If I read this right:

The council currently propose putting this Cycle Quietway over an enormous hill!

The other two takeaways from that document that I got:

  1. The trader's objections to parking being taken away are not to do with shoppers but to do with supplying their shops and businesses as there is no rear access. This is a legitimate concern.
  2. They consistently misspell Harringay as Haringey. Tedious.

The searchability issue was probably me trying (without luck) to reduce the file size sufficiently so I could append the document to this post. Try it now.

I honed right in on 2.3 as well, but I ran into the problem of its not being text format! The Islington Council does make mention of this Quietway 11 proposal, and shows the Islington part of the route (click on pdf at the bottom of the page). They say it's being looked at but so early in stage that there is no commitment whatsoever. I also don't know what a quietway entails versus the cycling superhighway.  If it just means painting a picture of a cycle on the road it won't mean much.

https://www.islington.gov.uk/roads/cycling

Quietways are generally rubbish. It's a way of moving cycling off main roads to free up motor vehicle flow.

The big problems though are that the quietways are inevitably rat runs and the cycling provision is generally a few painted cycle lanes (generally with cars parked on them or in the dooring zone) and a couple of signs.

On top of that, people follow desire lines, the quick routes between A and B. They generally have no inclination to follow a meandering, backstreets route with multiple roads and junctions.

There's plenty about how they're failing online http://lcc.org.uk/articles/quietways-they-arent-working

Fair enough but my point was more that the kind of cyclists who "might" use a quietway would not be the kind of cyclists who would prefer to head up over Ridge Road, the two little hills on Wightman are seen as bad enough.

I agree, quietways "are intended to appeal to cyclist who want to cycle slowly, in their ordinary clothes away from most of the traffic." (From the Islington Council website talking about Quietway 2).

Wightman Road during the bridgeworks was a very successful "Quietway" - it didn't need any armadillos or other expensive cycle lane segregation infrastructure, the filtered road layout completely eliminated ratrunning so was quiet enough for shared use by cyclists, motorists and pedestrians.
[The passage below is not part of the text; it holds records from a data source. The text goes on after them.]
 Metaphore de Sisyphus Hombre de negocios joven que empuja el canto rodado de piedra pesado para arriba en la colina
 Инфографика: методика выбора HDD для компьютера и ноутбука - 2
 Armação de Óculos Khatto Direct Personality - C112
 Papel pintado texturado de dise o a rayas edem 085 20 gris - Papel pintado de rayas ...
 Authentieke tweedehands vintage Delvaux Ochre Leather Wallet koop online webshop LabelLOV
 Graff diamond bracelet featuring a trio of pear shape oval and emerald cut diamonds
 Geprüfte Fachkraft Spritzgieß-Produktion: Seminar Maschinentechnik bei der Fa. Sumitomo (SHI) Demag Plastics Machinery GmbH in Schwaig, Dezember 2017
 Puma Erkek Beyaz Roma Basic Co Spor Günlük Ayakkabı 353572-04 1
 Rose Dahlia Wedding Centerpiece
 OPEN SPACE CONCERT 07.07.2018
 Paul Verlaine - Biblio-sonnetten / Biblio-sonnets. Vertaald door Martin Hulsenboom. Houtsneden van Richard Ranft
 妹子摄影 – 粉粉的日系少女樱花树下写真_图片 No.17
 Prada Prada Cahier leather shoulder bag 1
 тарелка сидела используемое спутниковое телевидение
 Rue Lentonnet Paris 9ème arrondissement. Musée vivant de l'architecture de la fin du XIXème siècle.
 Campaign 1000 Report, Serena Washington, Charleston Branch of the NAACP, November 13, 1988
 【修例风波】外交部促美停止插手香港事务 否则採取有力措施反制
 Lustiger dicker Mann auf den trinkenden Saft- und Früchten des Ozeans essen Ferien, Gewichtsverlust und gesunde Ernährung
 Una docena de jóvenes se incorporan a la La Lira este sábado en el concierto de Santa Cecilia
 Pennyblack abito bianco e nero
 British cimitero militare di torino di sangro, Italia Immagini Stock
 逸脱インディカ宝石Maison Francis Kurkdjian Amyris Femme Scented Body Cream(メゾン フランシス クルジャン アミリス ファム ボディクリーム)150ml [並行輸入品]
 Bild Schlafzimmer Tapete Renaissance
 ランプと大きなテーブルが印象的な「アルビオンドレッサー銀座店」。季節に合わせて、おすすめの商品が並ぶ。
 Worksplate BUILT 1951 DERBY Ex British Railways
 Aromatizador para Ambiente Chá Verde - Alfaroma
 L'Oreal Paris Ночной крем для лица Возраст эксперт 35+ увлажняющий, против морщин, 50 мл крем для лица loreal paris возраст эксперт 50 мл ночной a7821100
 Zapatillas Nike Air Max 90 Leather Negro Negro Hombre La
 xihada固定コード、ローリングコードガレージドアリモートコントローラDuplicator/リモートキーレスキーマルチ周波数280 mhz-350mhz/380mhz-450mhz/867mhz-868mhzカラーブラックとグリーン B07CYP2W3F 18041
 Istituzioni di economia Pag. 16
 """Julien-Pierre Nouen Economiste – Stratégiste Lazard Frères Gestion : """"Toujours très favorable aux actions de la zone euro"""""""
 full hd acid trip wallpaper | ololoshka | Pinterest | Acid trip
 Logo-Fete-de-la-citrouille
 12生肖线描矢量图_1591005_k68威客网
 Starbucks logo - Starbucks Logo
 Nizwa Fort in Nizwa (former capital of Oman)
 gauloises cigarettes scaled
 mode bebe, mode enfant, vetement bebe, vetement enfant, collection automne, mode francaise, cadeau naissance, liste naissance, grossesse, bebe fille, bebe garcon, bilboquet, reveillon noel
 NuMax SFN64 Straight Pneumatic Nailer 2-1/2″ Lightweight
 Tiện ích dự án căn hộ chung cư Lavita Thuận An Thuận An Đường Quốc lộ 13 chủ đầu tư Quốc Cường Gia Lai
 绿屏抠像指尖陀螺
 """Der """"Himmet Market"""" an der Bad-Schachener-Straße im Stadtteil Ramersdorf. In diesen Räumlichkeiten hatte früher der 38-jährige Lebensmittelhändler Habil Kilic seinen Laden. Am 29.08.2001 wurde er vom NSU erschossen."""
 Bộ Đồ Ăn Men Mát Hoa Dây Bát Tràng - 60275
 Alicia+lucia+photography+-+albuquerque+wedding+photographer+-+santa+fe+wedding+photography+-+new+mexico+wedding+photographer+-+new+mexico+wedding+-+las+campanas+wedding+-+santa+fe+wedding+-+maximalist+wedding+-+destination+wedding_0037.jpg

Wightman Road, and every Ladder rung, instantly became safe enough for kids to cycle to the two local schools as well as local and non-local commuters to cycle to work down Wightman through Finsbury Park and onward through the generally decent cycle networks of Islington or Hackney.

If the council is serious about promoting active transport modes, what could be more cost-effective than filtering Wightman?